Exercise directions
Output, exactly and with no pictures, the line that contains "Air Jordan 13" and every line that comes after it in the data below, the last one included.

Data excerpt
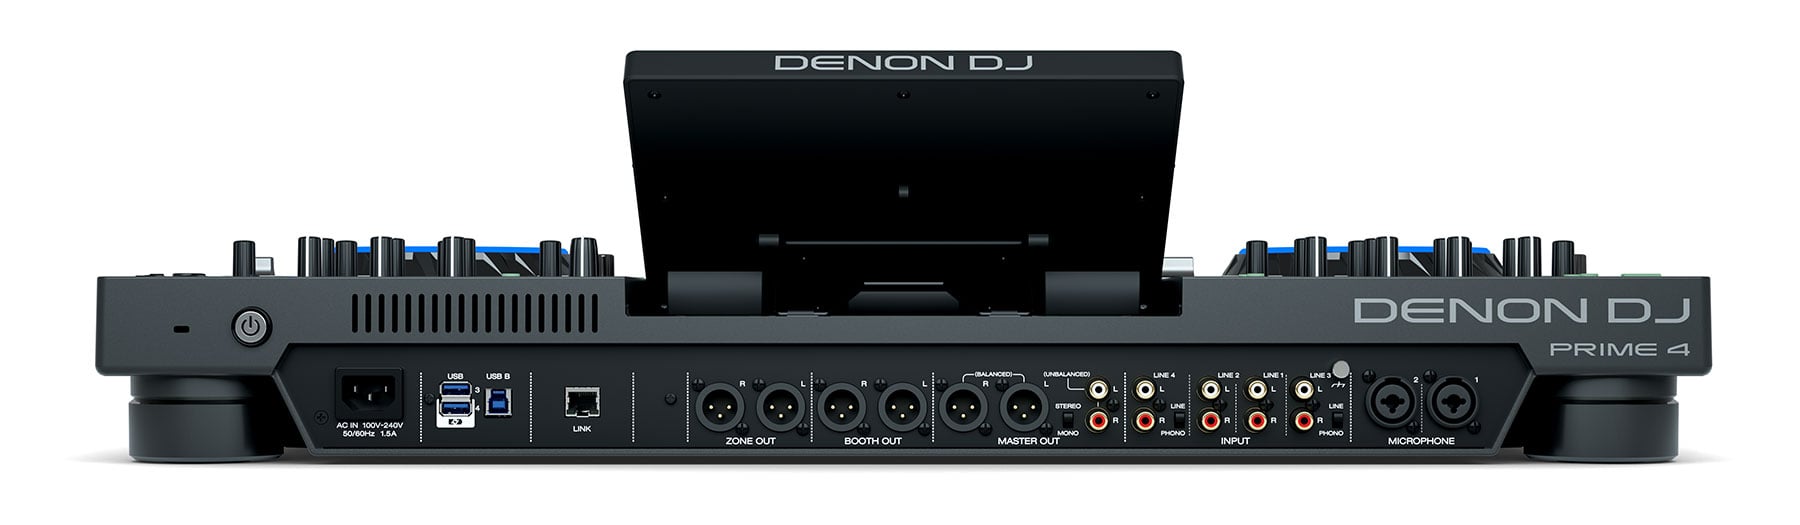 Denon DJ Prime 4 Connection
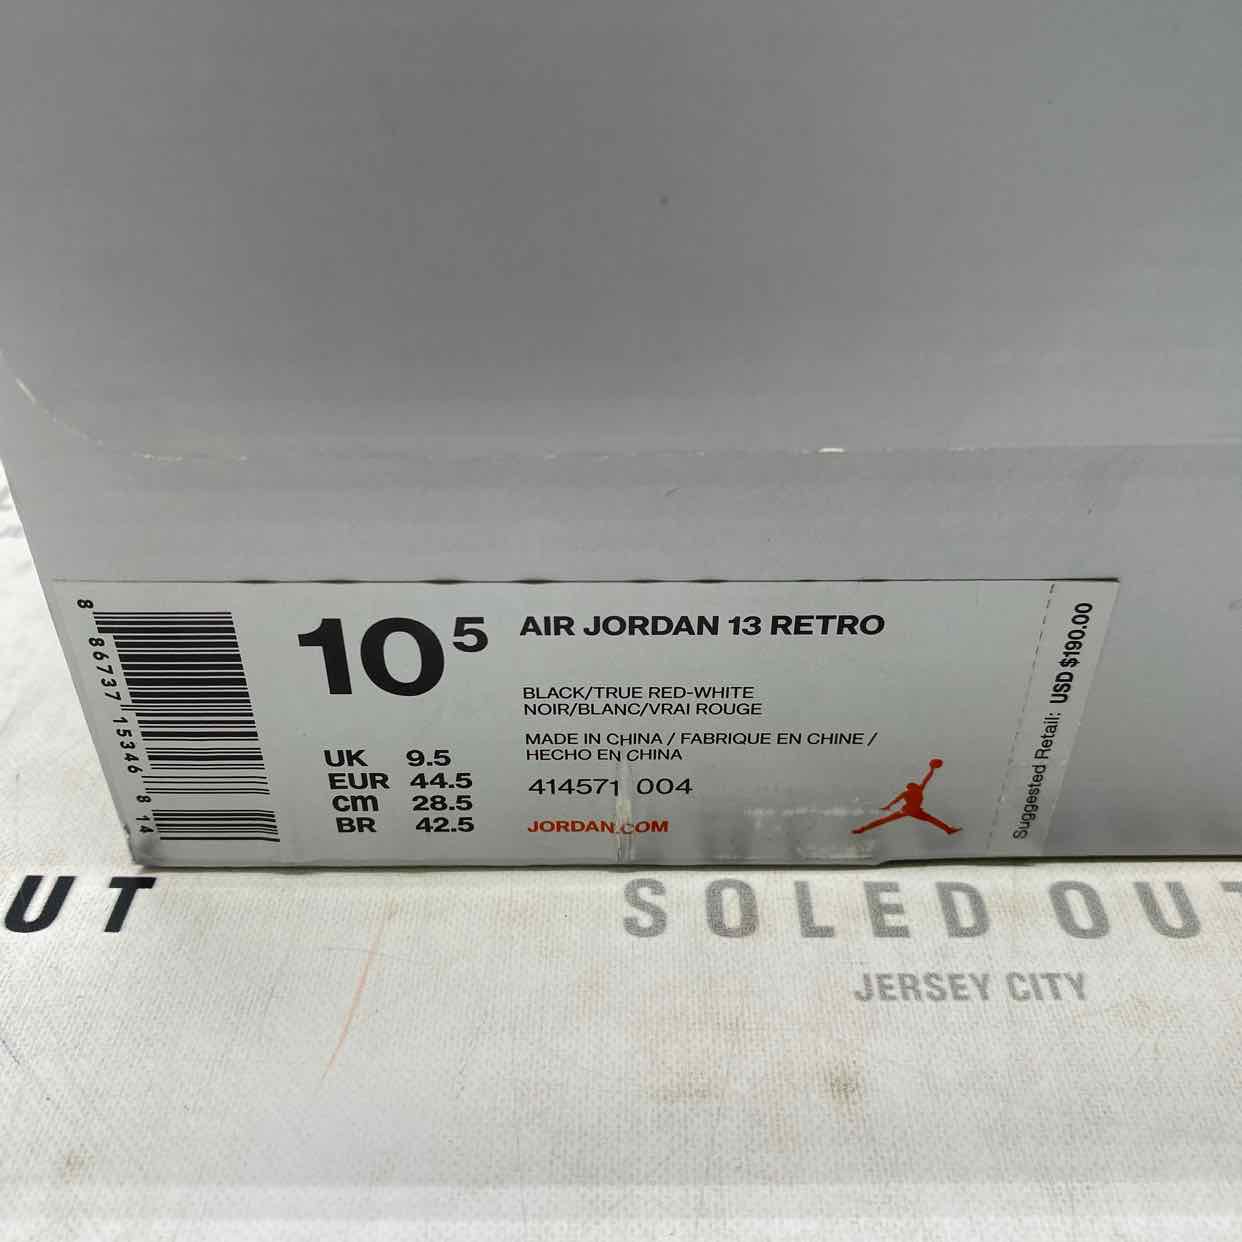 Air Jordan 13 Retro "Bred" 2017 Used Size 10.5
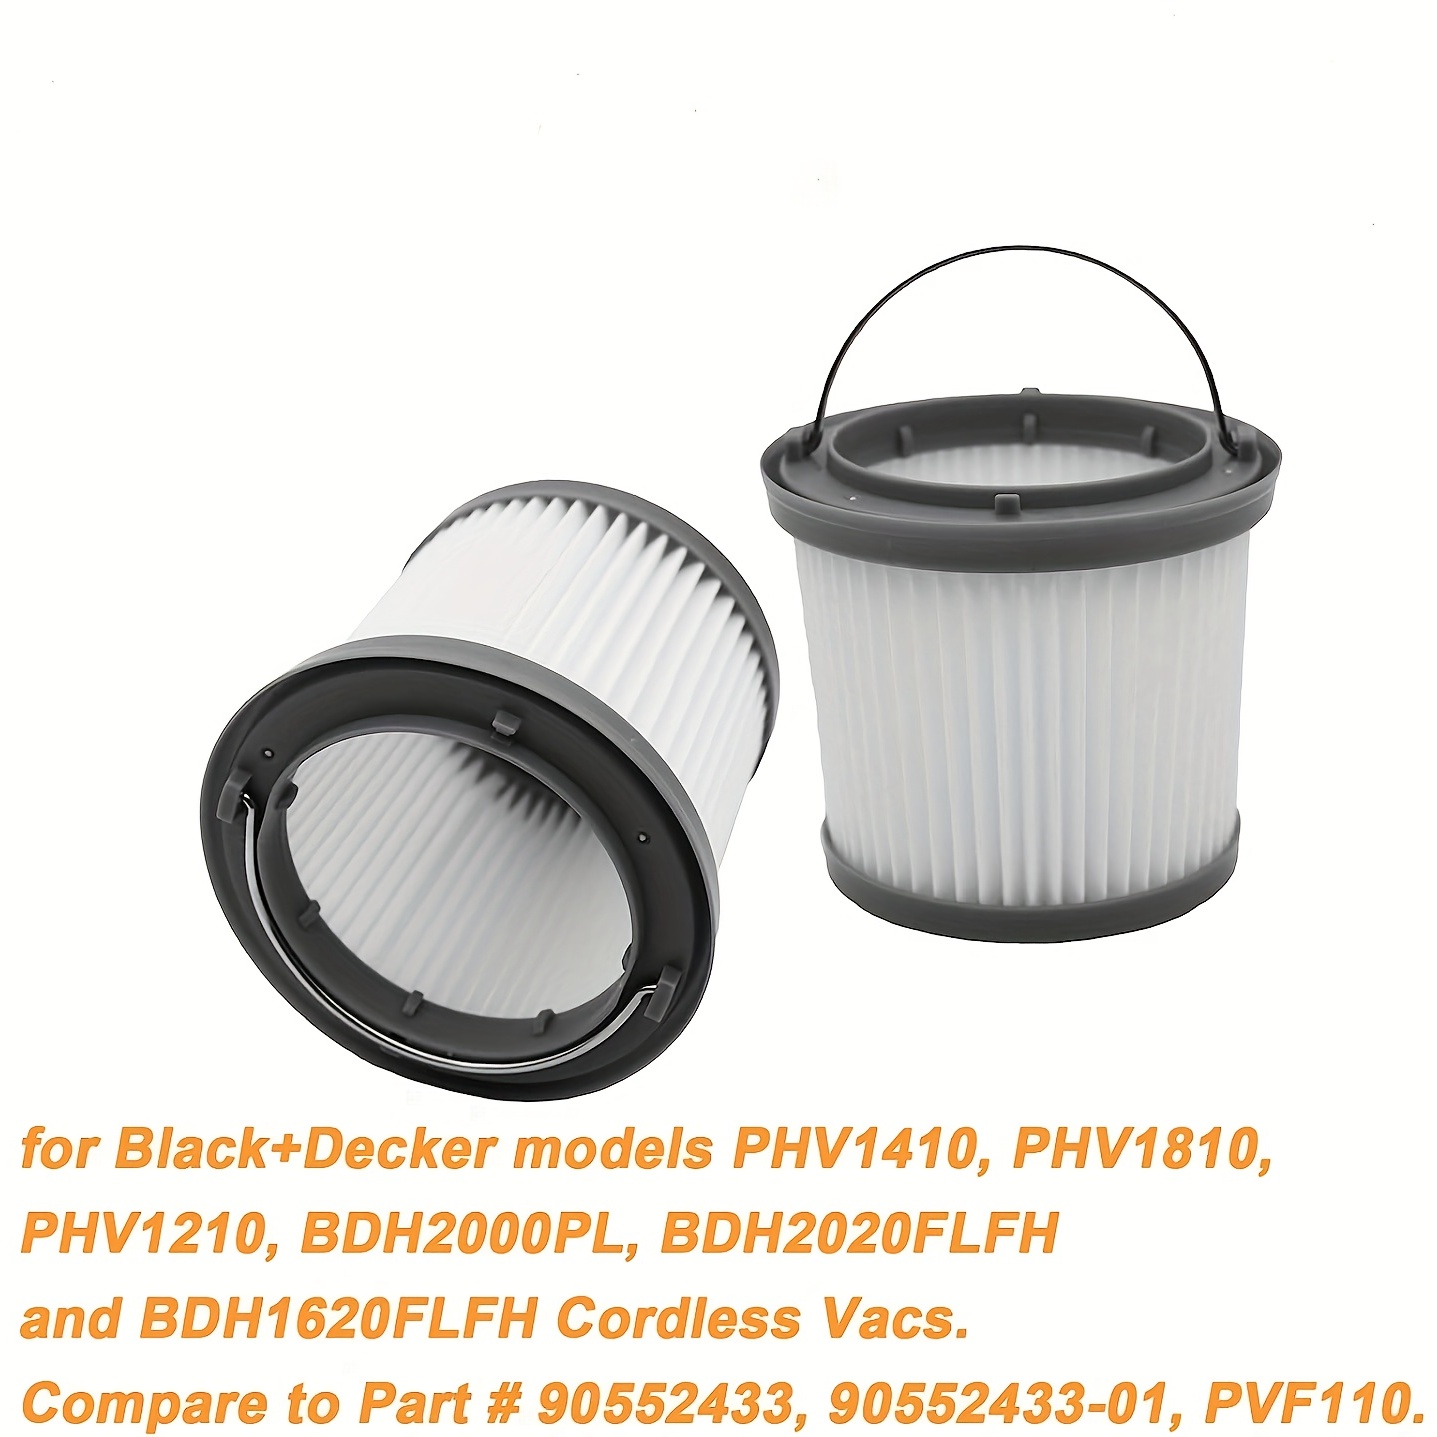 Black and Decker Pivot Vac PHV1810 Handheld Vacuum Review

Answer below
 Air Jordan 13 Retro "Bred" 2017 Used Size 10.5
 Black and Decker Pivot Vac PHV1810 Handheld Vacuum Review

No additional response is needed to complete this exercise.